Insurers determine this amount by comparing your vehicle to others of a similar make, model, age, condition, and mileage.
As a result, whether you experience a total loss or significant damage to your vehicle, the most your policy will pay is your vehicle’s assessed current value, which includes depreciation.
Your deductible will also reduce your overall compensation.
In some cases, this makes comprehensive insurance impractical.
If the cost of this coverage exceeds your potential pay back, you may not want to buy it.
However, if you own a more valuable vehicle, you may want this coverage.
If your vehicle is stolen or written off, you could replace it without paying a significant amount out-of-pocket.
The reimbursement from your insurer would cover the majority of your loss.
Comprehensive vs. Collision Insurance
Comprehensive and Collision insurance are not the same.
They’re meant to cover different scenarios.
Basically, collision covers you if you are in an accident or if you hit an object such as a rock or fence.
Comprehensive covers you when your vehicle is damaged by an event other than a collision.
However, they do have some similarities.
|Coverage Limit||Actual cash value||Actual cash value|
|Covers damage to your car||If caused by a covered peril, other than a collision||If caused by a collision|
|Covers damage to another vehicle||No||No|
|Cost||Less expensive||More expensive|
Did You Know?
Some insurers offer all perils coverage that bundles comprehensive and collision together. It covers all risks, unless they are specifically excluded within the policy. This provides additional protection for unforeseen events such as when your car is stolen or damaged by another driver or someone in your household. This option is often more affordable than buying the two coverages separately.
Frequently Asked Questions
- What is an example of comprehensive insurance?
A good example is a tree totally destroying your car during a storm. If you have comprehensive insurance coverage, it offers compensation. Otherwise, this event would not be covered under mandatory accident benefits/bodily injury insurance or collision coverage.
Mandatory provincial and territorial insurance coverages are meant to address liability if you hurt someone or damage property. Collision coverage applies to losses resulting from an accident.

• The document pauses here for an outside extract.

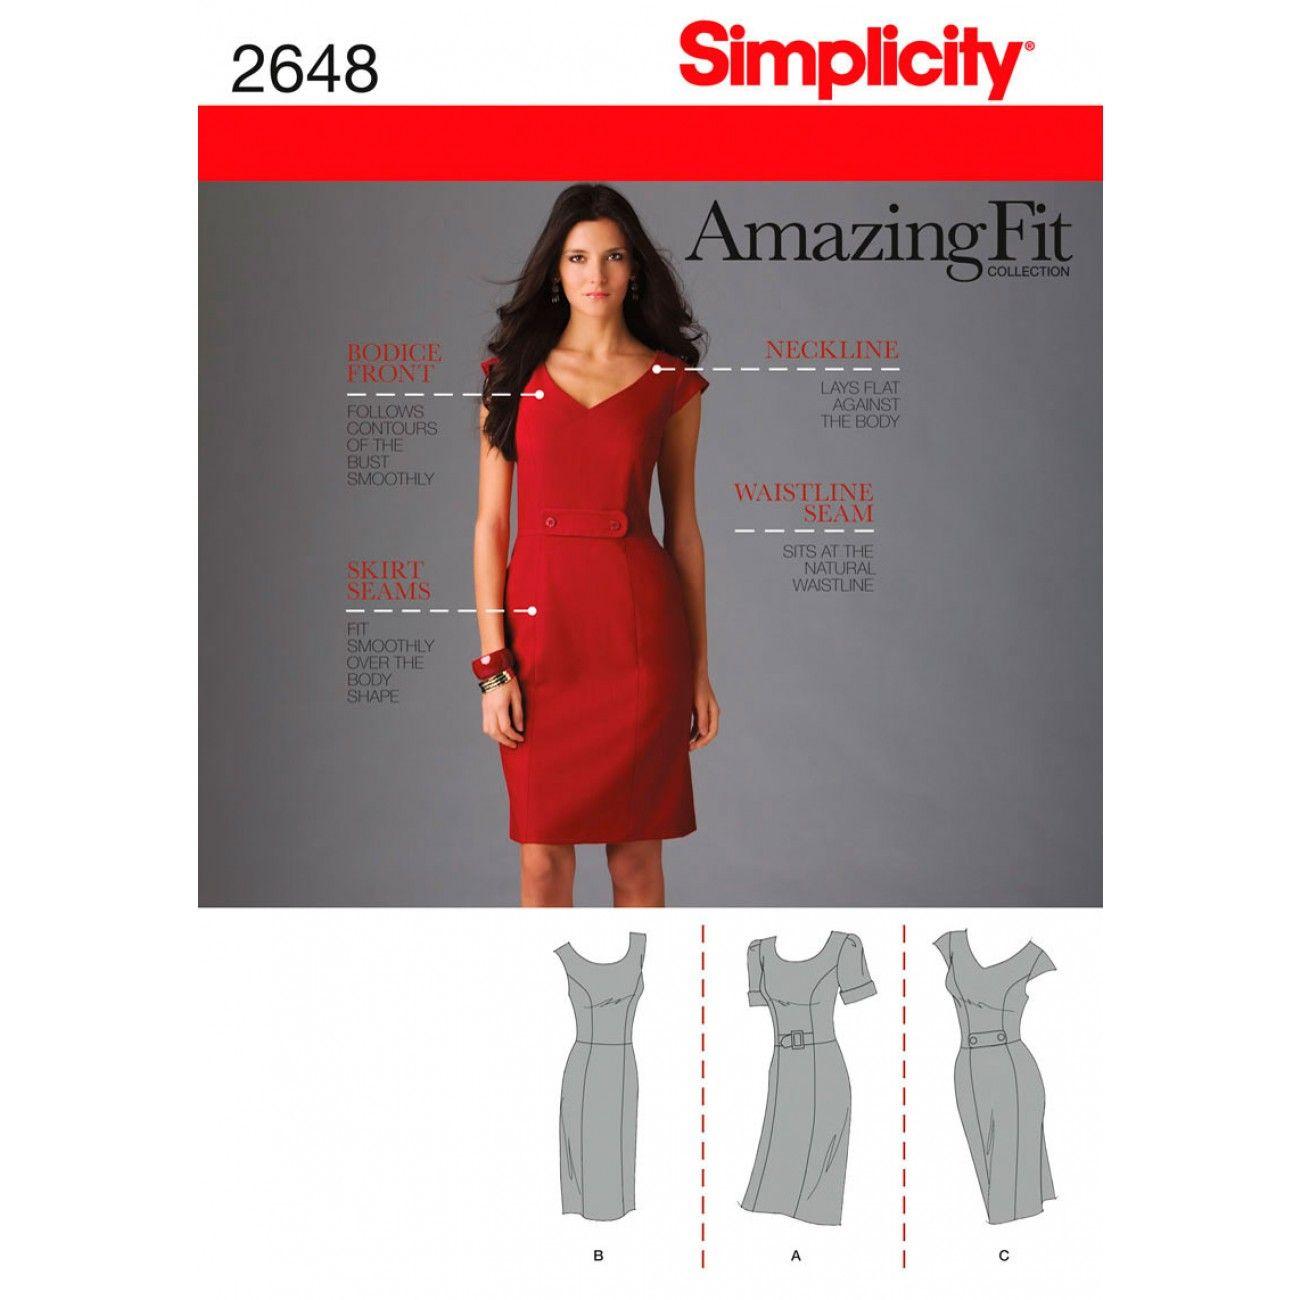 Simplicity pattern patterns fabric patterns shop online womens miss petite dress pattern 2648 simplicitypatterns for dressmaking class with black digital rose print lining jeuxipadfo Gallery

- Is comprehensive full coverage?
No. Generally, full coverage refers to at least the basic required statutory coverages for your region, plus collision and comprehensive coverage. These satisfy what most insurers and drivers consider full coverage.
Mandatory insurance provides minimal liability coverage should you hurt someone or damage their property. Collision coverage offers compensation to the driver when their vehicle’s damaged or destroyed during an accident, regardless of the cause of the accident. Comprehensive coverage provides protection against non-collision events that aren’t covered under collision and liability coverages.